Fixed Points of the Josephus Function via Fractional Base Expansions
Yunier Bello-Cruz, Roy Quintero-Contreras
TL;DR
This work addresses the fixed-point structure of the Josephus function $J_3$ by establishing a CRT-based description of its fixed points and by encoding these points in a nonstandard base-$3/2$ numeral system.
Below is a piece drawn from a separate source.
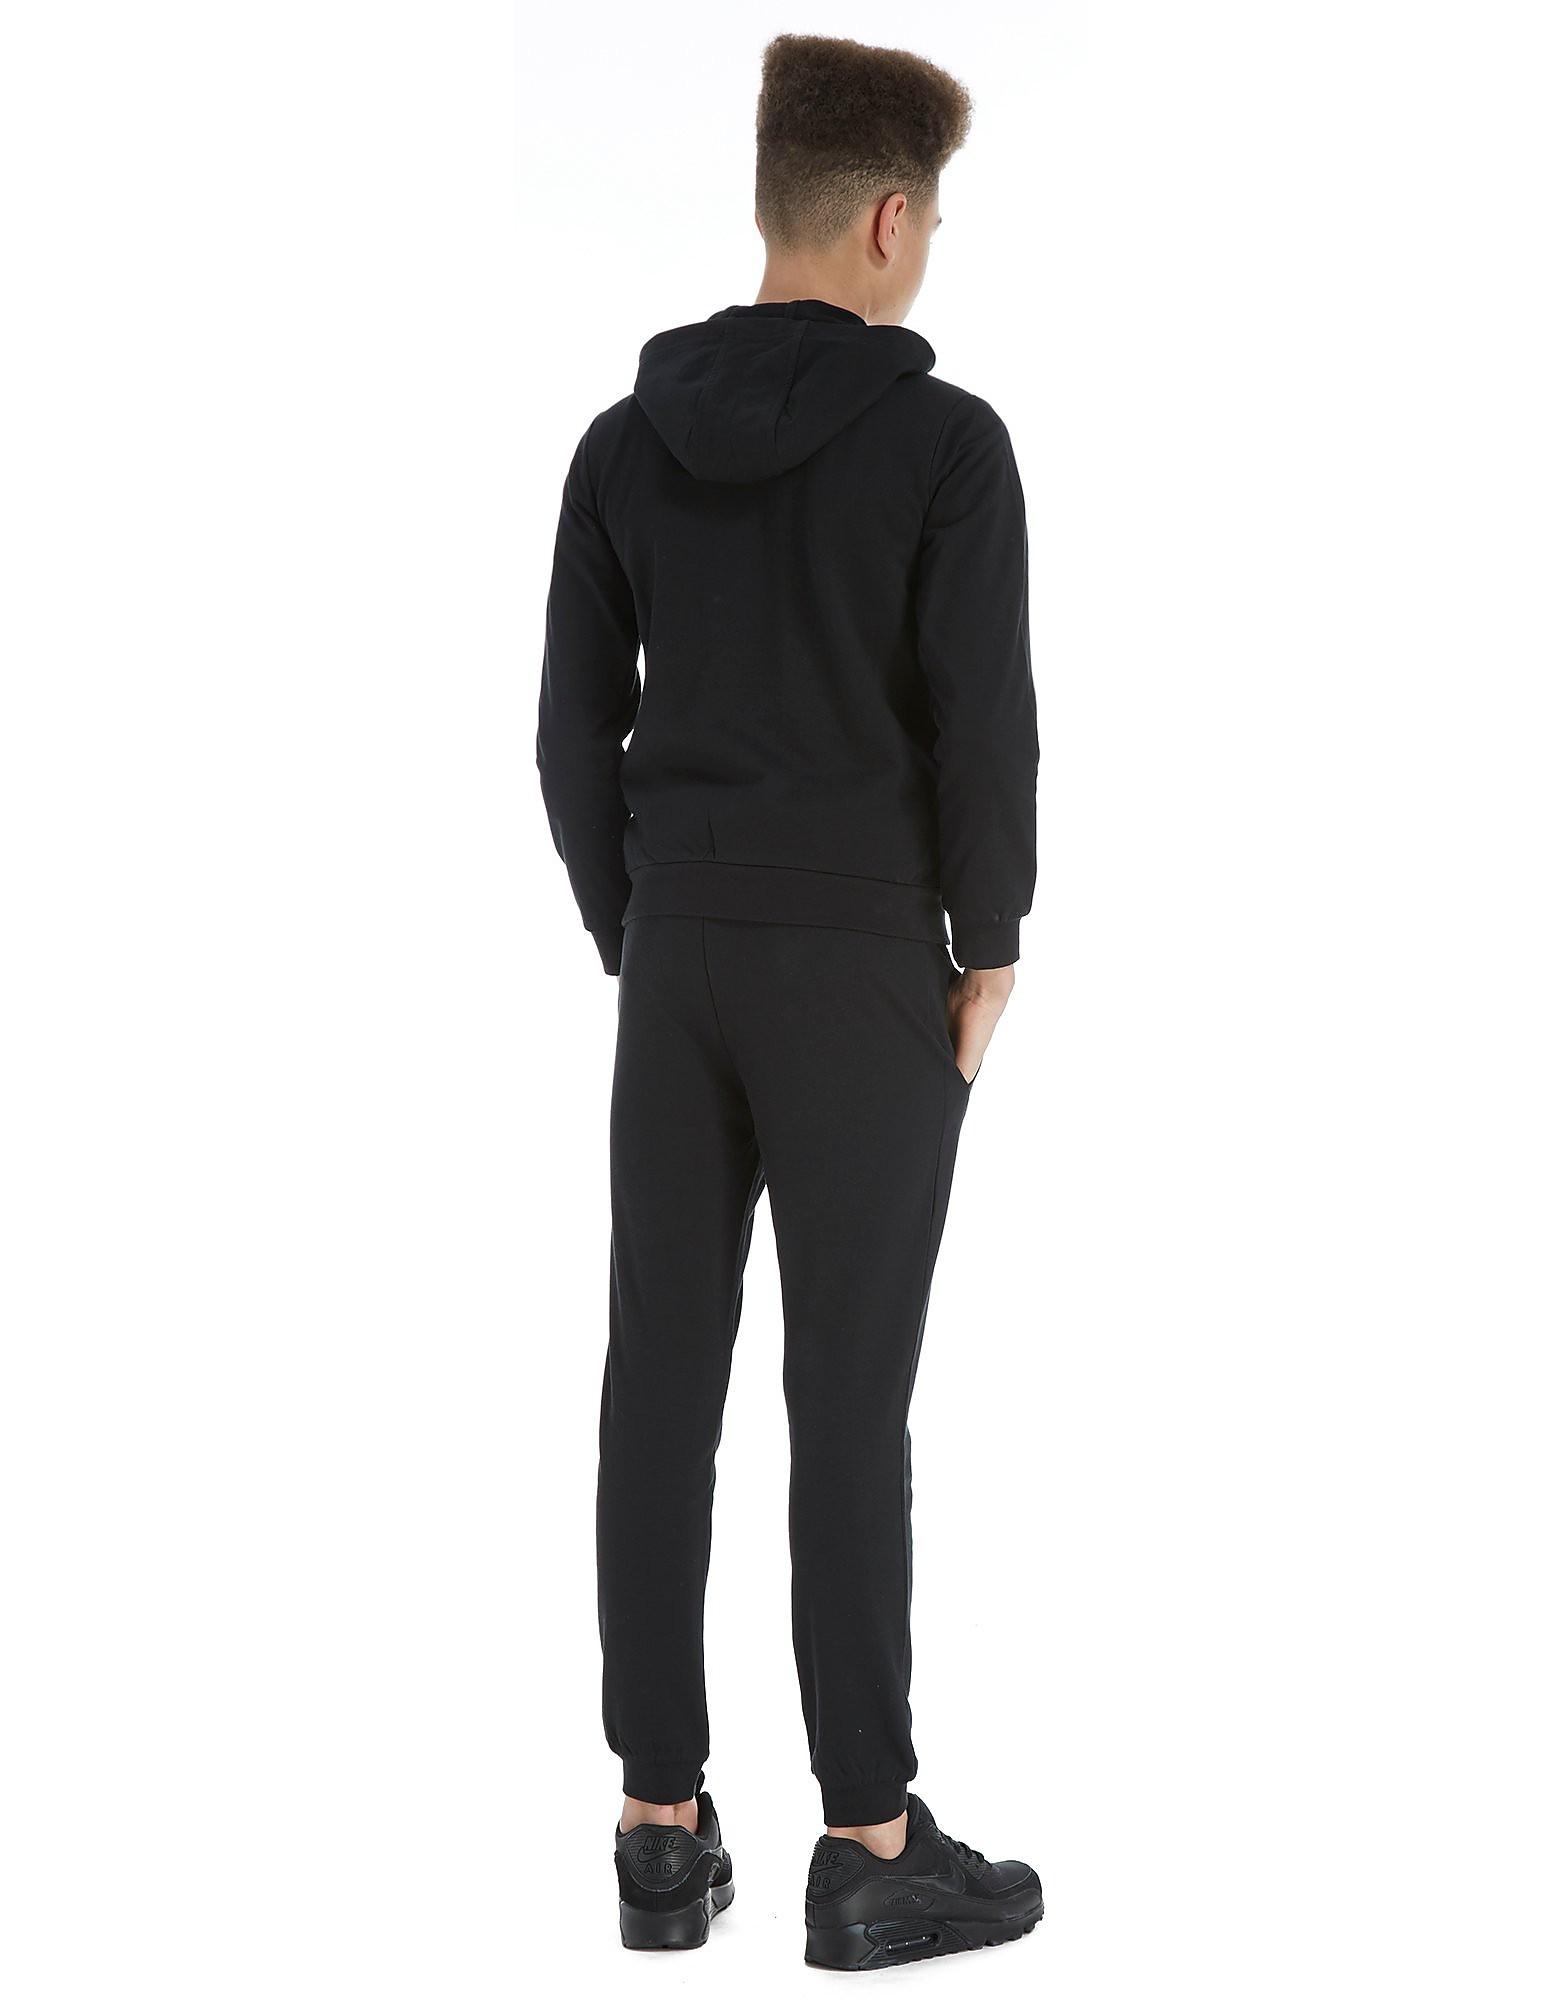 Emporio Armani EA7 Core Fleece Full Zip Suit Junior

The authors derive a recurrence for the fixed-point sequence $n_p^{(\ell)}$ that depends on the divisibility parameter $\overline{m}_{\ell}$ and show that each consecutive point solves a pair of congruences via the Chinese Remainder Theorem, yielding a unique value modulo $3^{p}2^{q}$. They then construct finite, unique base-$3/2$ expansions for the fixed points using a four-step digit algorithm and prove a precise digit-recursive relation linking $n_p^{(\ell+1)}$ to $n_p^{(\ell)}$ depending on $\overline{m}_{\ell}$. This base-$3/2$ perspective generalizes the known $J_2$ binary pattern and opens questions about computing $J_3(n)$ directly from these representations and about extending the approach to $J_4$ with base $4/3$.
Abstract
In this paper, we investigate some interesting properties of the fixed point sequence of the Josephus function $J_3$. First, we establish a connection between this sequence and the Chinese Remainder Theorem. Next, we identify a clear numerical pattern for the digits of two consecutive fixed points when they are written in a non-standard fractional number system in base $3/2$. This result allows us to derive a recursive procedure for determining the digits of their base $3/2$ expansions.